Other than using the entire trajectory, the process is exactly the same as for the single-frame example.
%%time traj_contacts = ContactFrequency(traj)
CPU times: user 19.5 s, sys: 37.2 ms, total: 19.6 s Wall time: 3.02 s
%%time fig, ax = traj_contacts.residue_contacts.plot() plt.xlabel("Residue") _ = plt.ylabel("Residue")
CPU times: user 1.68 s, sys: 3.75 ms, total: 1.69 s Wall time: 1.68 s
Note that some of the reds are a little lighter now – these contacts were not present 100% of the time!
If we want to save the figure, we can use matplotlib’s savefig functionality:
If we want to save the contact data to a file for later usage, we can also do that:
# to reload it: ContactFrequency.from_file("traj_contacts.p")
<contact_map.contact_map.ContactFrequency at 0x7f9c6c2748b0>
For many users, this is all that Contact Map Explorer is needed for.
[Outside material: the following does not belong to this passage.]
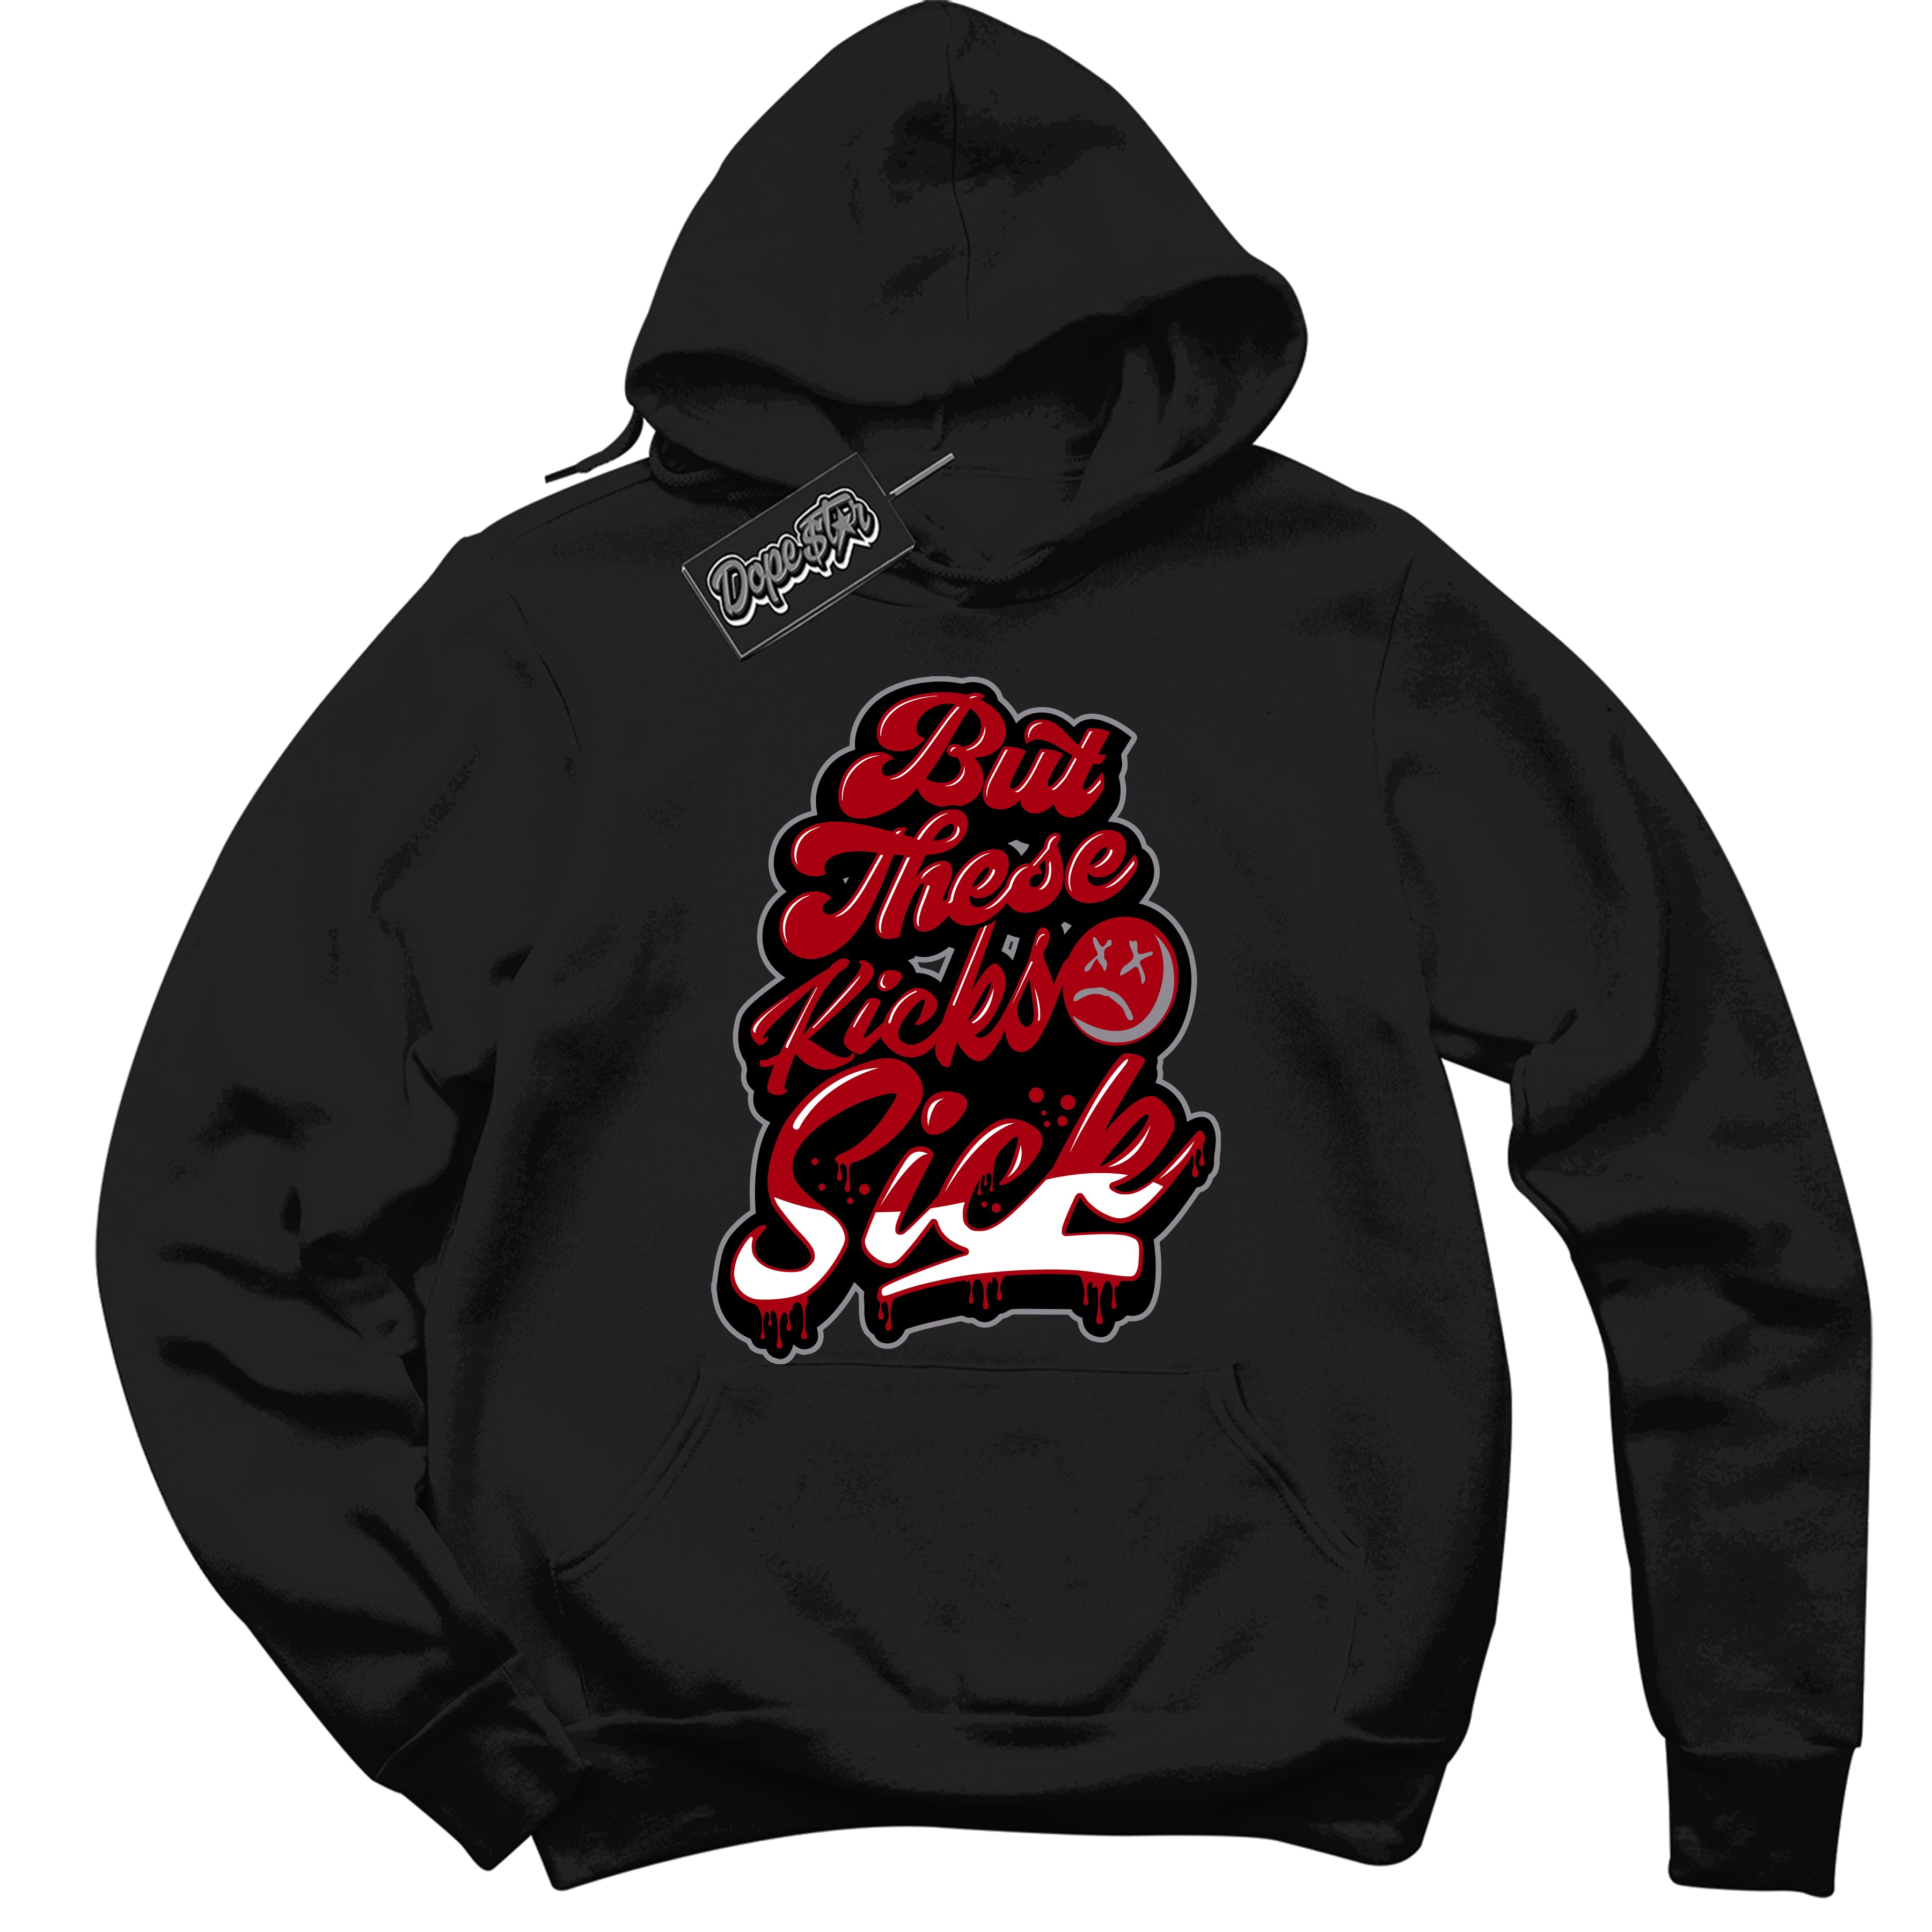 Cool Black Hoodie with “ Kick Sick ”  design that Perfectly Matches  Bred Reimagined 4s Jordans.

You can make publication-quality figures in only a few lines of Python. However, Contact Map Explorer is also intended to help you analyze your data and help you understand it better. The rest of this notebook, and other notebooks in the documentation, will show you some of the possibilities.
Differences between contact maps¶
One question you might have is, how do two contact maps differ? For this purpose, we can calculate contact map differences.
%%time diff = traj_contacts - frame_contacts # equivalently: diff = ContactDifference(traj_contacts, frame_contacts)
CPU times: user 24.5 ms, sys: 9 µs, total: 24.5 ms Wall time: 24.3 ms
%%time fig, ax = diff.residue_contacts.plot()
CPU times: user 1.67 s, sys: 11.7 ms, total: 1.69 s Wall time: 1.68 s
The contact map gives a lot of information, and frequently we want to ask follow-up questions. We’ll looks at the results from the difference above, but all the same techniques apply to any contact results.
For example, after looking at that difference, we might want to know which were much more likely to be in the full trajectory than in the single frame:
# show the 10 with the highest value diff.residue_contacts.most_common()[:10]
[([ALA146, GLN22], 0.9900990099009901), ([PHE82, PHE141], 0.9801980198019802), ([ILE84, GLU143], 0.9702970297029703), ([ALA83, LYS117], 0.9702970297029703), ([PHE90, ALA130], 0.9702970297029703), ([ALA146, ASN116], 0.9702970297029703), ([LEU113, ILE139], 0.9504950495049505), ([ALA155, VAL152], 0.9504950495049505), ([LEU19, LEU79], 0.9405940594059405), ([VAL81, ILE93], 0.9405940594059405)]
If you wanted to see the least common (that is, the ones from the single frame that were least likely to be in the rest of the trajectory), you can use standard Python tricks for reversing a list:
[([THR50, CL6865], -0.9900990099009901), ([NA6824, CL6860], -0.9900990099009901), ([TYR40, TYR32], -0.9900990099009901), ([NA6828, THR87], -0.9900990099009901), ([CL6849, NA6842], -0.9900990099009901), ([NA6834, SER39], -0.9900990099009901), ([ALA59, GLU37], -0.9900990099009901), ([PRO34, ASP38], -0.9900990099009901), ([GLN25, ASP30], -0.9900990099009901), ([NA6842, GLY13], -0.9900990099009901)]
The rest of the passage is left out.